The Department of Transportation and Development (DOTD) sent nine dump trucks Friday to an interstate service road that actually had to be shut down because of dumping.

The old tires are havens for mosquitoes and have piled up in spite of a nearby sign threatening dumpers with $3,000 fines. The New Orleans Police Department says it issued no citations for tire dumping last year.

As many as 30,000 tires clog the I-510 Service Road near the Eastover subdivision.

“Our plan is to keep working in these tire sites out and get to a point where it’s more manageable,” said Scott Boyle with DOTD.

This effort isn’t cheap. Manpower and equipment will easily run into the tens of thousands of dollars and the state will also have to pay a recycling fee for each one of those thousands of tires.

Tires will be brought to a recycling facility on old Gentilly Road, which is another haven for rampant dumping.

“People come here look at the area and it’s deteriorated and say why not?” said Kenneth Ducros of New Orleans.

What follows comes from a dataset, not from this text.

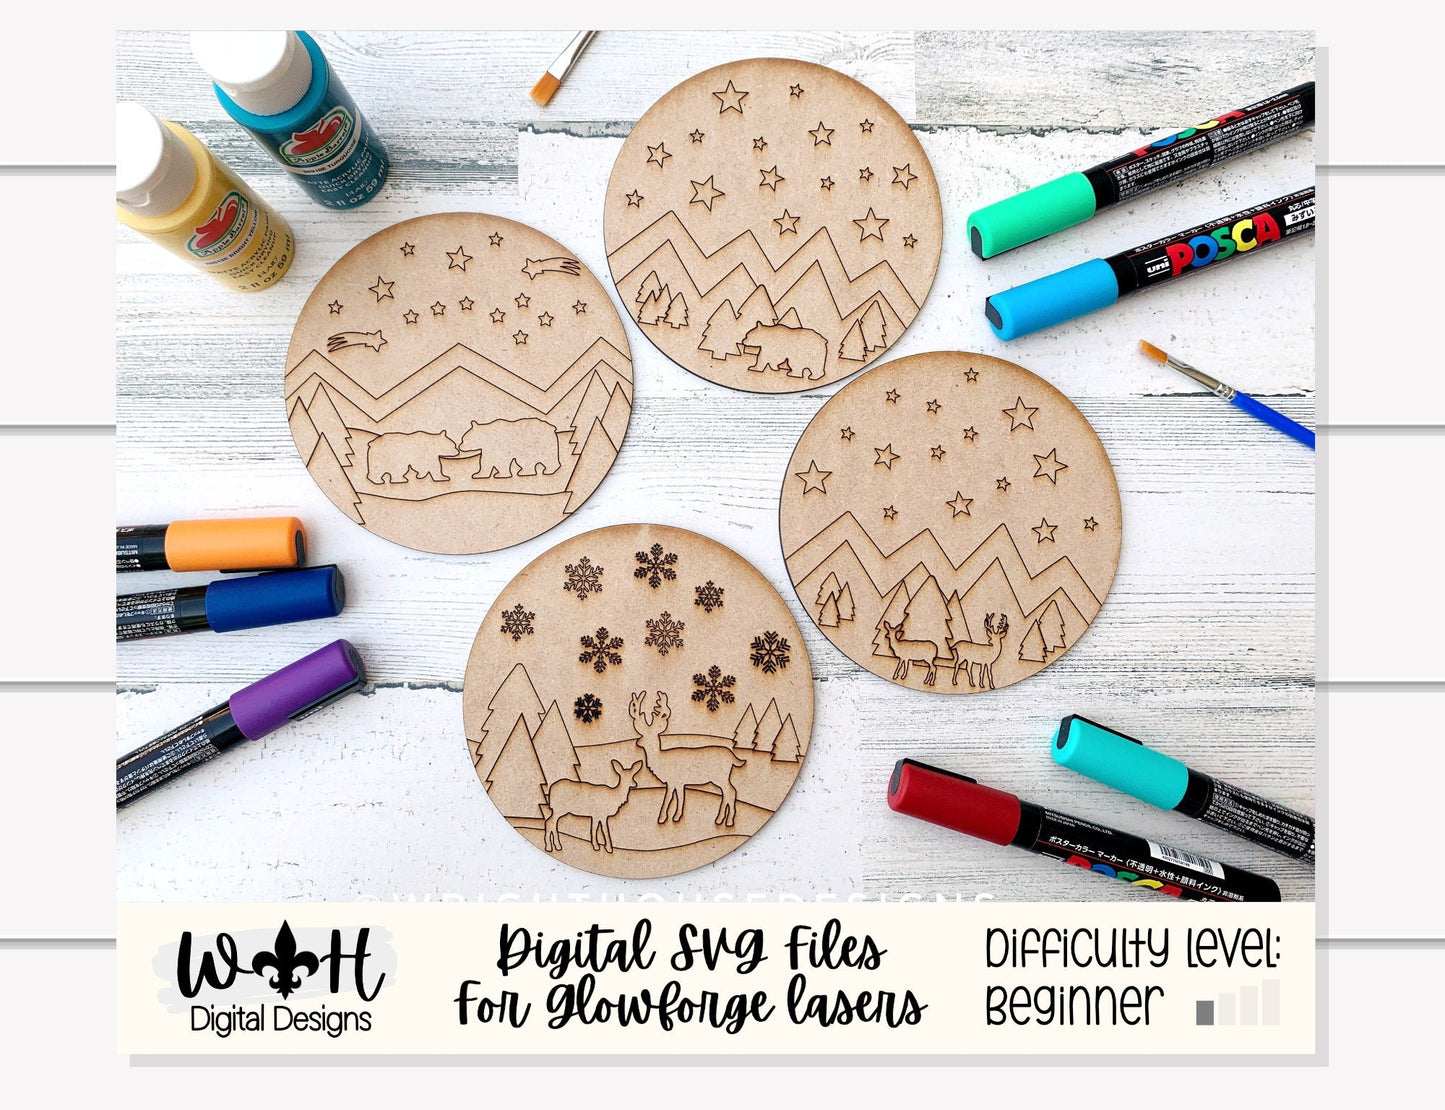 Winter Color Craft Bundle - Scoring Pattern Round For Diy Painting - Files for Sign Making - SVG Cut File For Glowforge - Digital File

The new state tire removal program will not cover city roads like Old Gentilly. It will instead focus on state roads and highways like Chef Menteur and interstates.

“There are some unnamed interchanges on Interstate 10 between Michoud and Highway 11 that we’ll target,” said Boyle.

The state will devote nine dump trucks and two bulldozers to an effort that will continue for months, diverting resources from other areas.

“This is a big waste of money, a big waste of money. Especially in a community like this where every penny can go to improve the quality of life, whether it be police protection or potholes,” said Mike Simon of Eastover. He says he appreciates the effort, but long-term he and others say citizens should show more pride in their community and police should enforce no dumping laws.

“They’re shorthanded and don’t even have enough police to do what they’re doing now. How could you give them something extra?” said Ducros.

“A few cameras might help,” he added, “But that’s just me.”

DOTD is picking up the cost of the tire removal, which is expected to cost $75,000 in the Eastover area alone. Taxpayers will also be on the hook for tire recycling fees.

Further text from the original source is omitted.